Aim is to have a record of the entire NZGMDB process so it is clear on what exactly is being done.
CURRENTLY IN DRAFTING PHASE SO WILL BE RANDOM QUICK NOTES


Geonet Mseed Creation:

1: Downloads the recent earthquake data from geonet within the given date range
2: Only uses strong motion channel codes HN and BN for gettin the FDSN Client data
3: Loads the mw_rrup txt file and uses an interpolation function "cubic"

When fetching the event line for the source table
Gets the preferred_origin and magnitude from the event catalouge Geonet client

If the prefer_mag_type is m then gets all the event cat magnitudes and finds the max for mb ml and mlv
if there is one for mb and less than 3 station counts then find max station count for ml and mlv and compare station counts to determine the loc_mag, otherwise make it mb
If there is no mb then find max station count out of ml and mlv
If there if none of mb, ml or mlv then try m

Otherwise if it isnt m for the prefer_mag_type then just set the magnitude uncertainty values to the preferred magnitude values

When grabbing the station magnitude lines it gets the stations within a given radius
This is based on the Mw_rrups.txt file which cuts off at each end instead of extrapolation.
Then the inventory is selected using the max_radius from the event lat lon values.

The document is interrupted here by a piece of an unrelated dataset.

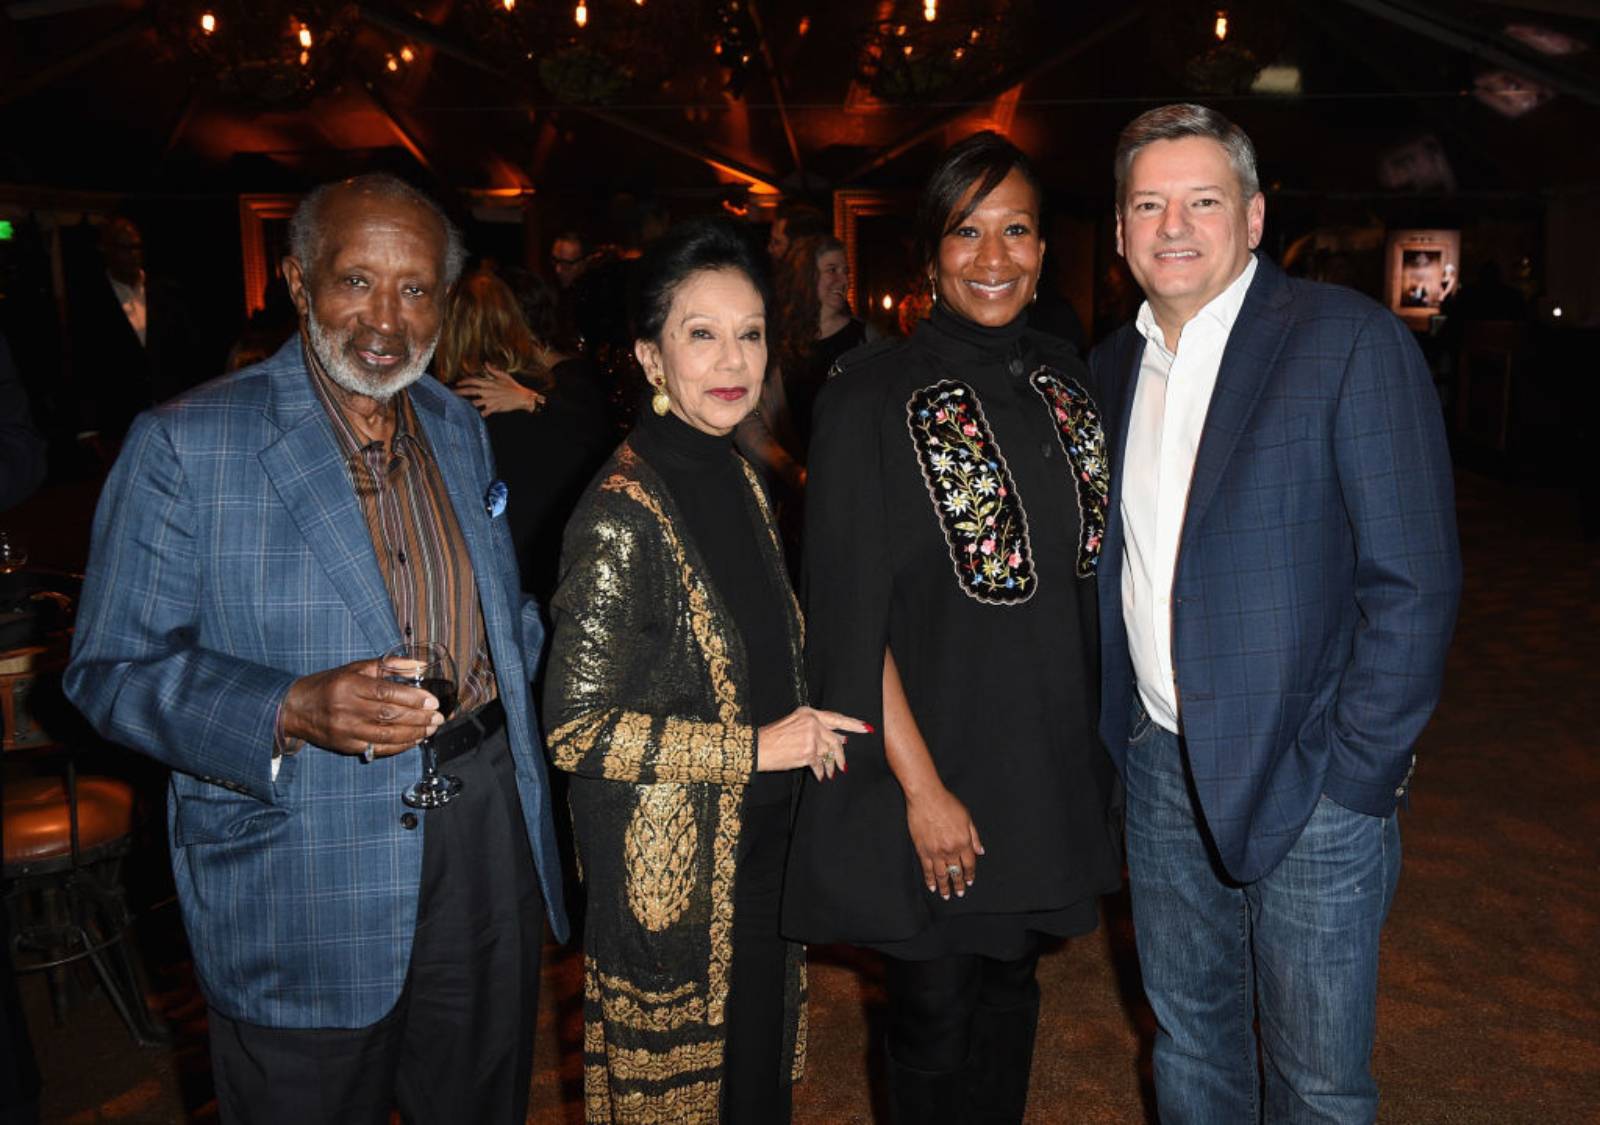 Clarence Avant, Jacqueline Avant, Ambassador Nicole Avant, and Ted Sarandos attend Norman Lear's 95th Birthday Celebration on December 7, 2017 in Los Angeles, California. (Photo by Joshua Blanchard/Getty Images for People For the American Way)
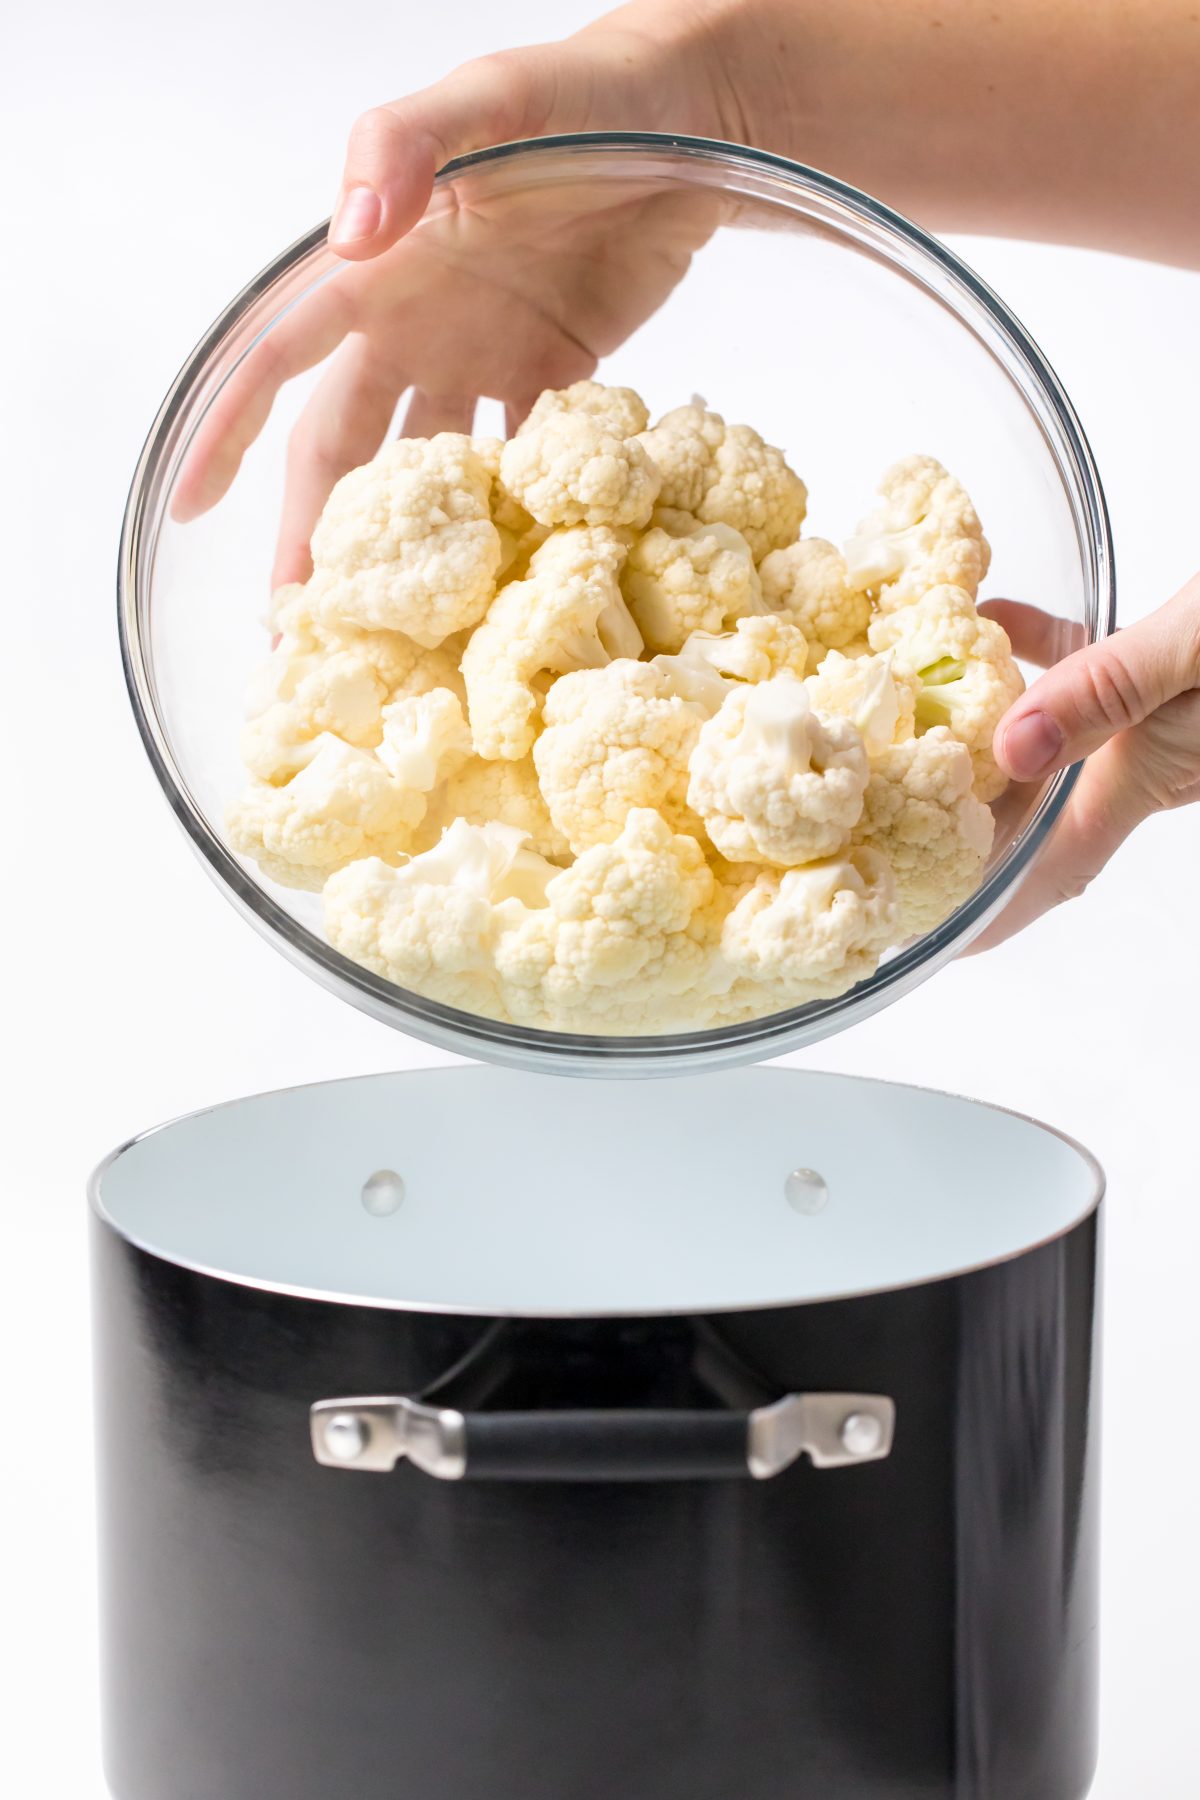 Cook the cauliflower in a large pot of boiling water

The inventory is then looped over and the waveform is extracted from the client.
The range of the waveform is determined by the p_arrival from the following code

TauPyModel(model="iasp91")p_arrivals = model.get_travel_times(
source_depth_in_km=preferred_origin.depth / 1000,
distance_in_degree=deg,
phase_list=["ttp"],
)
s_arrivals = model.get_travel_times(
source_depth_in_km=preferred_origin.depth / 1000,
distance_in_degree=deg,
phase_list=["tts"],
)ptime_est = (
preferred_origin.time + p_arrivals[0].time
) # Estimated earliest P arrival time from taup
stime_est = preferred_origin.time + s_arrivals[0].time

The start time is ptime_est - the in_time_difference which is set to 15 in the config
The end time is based on the following

    end_time = stime_est + (
        min_time_difference
        if stime_est + ds * ds_multiplier - ptime_est < min_time_difference
        else ds * ds_multiplier
    )

Where ds is the output from the AS_16 model from openquake (previously was using a custom model that had incorrect coefficients)
ds multiplier is currently 10 but needs investigation as there may be a better method to ensure waveforms arent cut off.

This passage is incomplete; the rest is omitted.